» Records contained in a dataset
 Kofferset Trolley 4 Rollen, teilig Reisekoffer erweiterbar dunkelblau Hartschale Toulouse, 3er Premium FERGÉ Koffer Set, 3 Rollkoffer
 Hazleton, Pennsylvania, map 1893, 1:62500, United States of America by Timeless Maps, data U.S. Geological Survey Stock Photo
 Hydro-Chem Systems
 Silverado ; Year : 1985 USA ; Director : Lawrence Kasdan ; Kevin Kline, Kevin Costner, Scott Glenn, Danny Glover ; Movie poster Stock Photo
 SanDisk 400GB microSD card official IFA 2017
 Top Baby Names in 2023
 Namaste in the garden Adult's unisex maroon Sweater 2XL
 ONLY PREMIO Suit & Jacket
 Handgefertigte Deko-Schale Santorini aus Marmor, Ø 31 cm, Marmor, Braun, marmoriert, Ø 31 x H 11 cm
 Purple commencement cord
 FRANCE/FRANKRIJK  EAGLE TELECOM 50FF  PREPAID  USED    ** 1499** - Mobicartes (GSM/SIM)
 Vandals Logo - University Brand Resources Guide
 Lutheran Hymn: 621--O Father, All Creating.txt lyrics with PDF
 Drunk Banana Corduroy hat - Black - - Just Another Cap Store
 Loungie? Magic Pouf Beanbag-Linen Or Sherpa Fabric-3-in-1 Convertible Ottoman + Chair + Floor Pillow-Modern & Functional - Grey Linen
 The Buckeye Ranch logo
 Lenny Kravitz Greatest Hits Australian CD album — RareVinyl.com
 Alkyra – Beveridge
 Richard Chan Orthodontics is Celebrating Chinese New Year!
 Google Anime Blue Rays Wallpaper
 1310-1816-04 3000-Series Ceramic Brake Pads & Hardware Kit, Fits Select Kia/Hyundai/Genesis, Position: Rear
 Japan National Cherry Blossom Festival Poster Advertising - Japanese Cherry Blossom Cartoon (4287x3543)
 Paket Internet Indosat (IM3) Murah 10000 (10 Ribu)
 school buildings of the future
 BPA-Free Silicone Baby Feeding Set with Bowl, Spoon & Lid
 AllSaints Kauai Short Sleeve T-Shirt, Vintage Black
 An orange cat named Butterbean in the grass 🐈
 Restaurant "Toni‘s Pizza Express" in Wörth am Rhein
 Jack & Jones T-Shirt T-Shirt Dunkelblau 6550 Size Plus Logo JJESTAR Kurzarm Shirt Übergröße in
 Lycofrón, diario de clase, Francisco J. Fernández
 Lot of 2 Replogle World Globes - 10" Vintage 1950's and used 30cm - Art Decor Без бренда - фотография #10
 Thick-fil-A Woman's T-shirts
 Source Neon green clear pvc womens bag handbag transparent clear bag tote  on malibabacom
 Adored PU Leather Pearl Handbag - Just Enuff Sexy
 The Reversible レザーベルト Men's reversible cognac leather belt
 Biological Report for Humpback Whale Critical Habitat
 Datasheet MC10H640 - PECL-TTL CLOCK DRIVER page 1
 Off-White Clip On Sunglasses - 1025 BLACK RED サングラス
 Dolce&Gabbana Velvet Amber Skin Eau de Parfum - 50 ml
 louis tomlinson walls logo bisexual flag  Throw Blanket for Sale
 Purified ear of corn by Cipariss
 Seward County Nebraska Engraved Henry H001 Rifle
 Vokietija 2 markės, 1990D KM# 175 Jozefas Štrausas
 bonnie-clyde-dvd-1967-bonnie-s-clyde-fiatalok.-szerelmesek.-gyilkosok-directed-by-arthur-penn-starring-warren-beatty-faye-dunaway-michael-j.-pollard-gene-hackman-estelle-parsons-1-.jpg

» Exercise details
Among the lines of the preceding data, which ones hold the word "Stock"? List them.

» Result
 Hazleton, Pennsylvania, map 1893, 1:62500, United States of America by Timeless Maps, data U.S. Geological Survey Stock Photo
 Silverado ; Year : 1985 USA ; Director : Lawrence Kasdan ; Kevin Kline, Kevin Costner, Scott Glenn, Danny Glover ; Movie poster Stock Photo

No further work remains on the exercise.